Content starts

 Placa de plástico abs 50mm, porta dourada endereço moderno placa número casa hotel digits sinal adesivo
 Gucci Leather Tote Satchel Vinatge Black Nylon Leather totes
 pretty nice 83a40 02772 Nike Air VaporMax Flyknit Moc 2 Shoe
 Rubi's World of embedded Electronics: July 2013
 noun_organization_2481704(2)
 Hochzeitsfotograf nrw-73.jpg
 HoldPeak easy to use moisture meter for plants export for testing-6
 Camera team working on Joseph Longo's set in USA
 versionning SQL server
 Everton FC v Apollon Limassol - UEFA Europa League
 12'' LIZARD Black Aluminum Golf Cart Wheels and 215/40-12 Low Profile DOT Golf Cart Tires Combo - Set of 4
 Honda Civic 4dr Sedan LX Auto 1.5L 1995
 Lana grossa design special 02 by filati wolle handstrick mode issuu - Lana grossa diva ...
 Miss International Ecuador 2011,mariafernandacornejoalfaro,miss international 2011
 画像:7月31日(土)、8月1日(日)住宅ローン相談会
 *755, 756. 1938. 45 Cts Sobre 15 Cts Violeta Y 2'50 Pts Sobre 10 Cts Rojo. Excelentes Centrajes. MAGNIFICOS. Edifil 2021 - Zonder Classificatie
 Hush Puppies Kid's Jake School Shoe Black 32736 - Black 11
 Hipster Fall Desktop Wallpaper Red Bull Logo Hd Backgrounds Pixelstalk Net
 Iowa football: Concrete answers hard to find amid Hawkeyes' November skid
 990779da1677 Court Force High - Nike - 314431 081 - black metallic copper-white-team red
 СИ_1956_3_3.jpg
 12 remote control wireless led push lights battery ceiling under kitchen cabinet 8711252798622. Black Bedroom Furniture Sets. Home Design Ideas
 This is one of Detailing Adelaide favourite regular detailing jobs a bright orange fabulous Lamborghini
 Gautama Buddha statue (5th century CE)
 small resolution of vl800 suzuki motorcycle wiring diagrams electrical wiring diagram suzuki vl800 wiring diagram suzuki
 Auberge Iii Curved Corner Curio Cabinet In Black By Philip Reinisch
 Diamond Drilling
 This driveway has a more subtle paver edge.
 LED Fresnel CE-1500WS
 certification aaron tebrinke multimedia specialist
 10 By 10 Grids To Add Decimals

Content ends

▸ **PROBLEM DESCRIPTION**: Go through the listing above, and whenever a line holds the word "Shoe", copy it.

▸ **RESPONSE FOR THIS EXERCISE**:
 pretty nice 83a40 02772 Nike Air VaporMax Flyknit Moc 2 Shoe
 Hush Puppies Kid's Jake School Shoe Black 32736 - Black 11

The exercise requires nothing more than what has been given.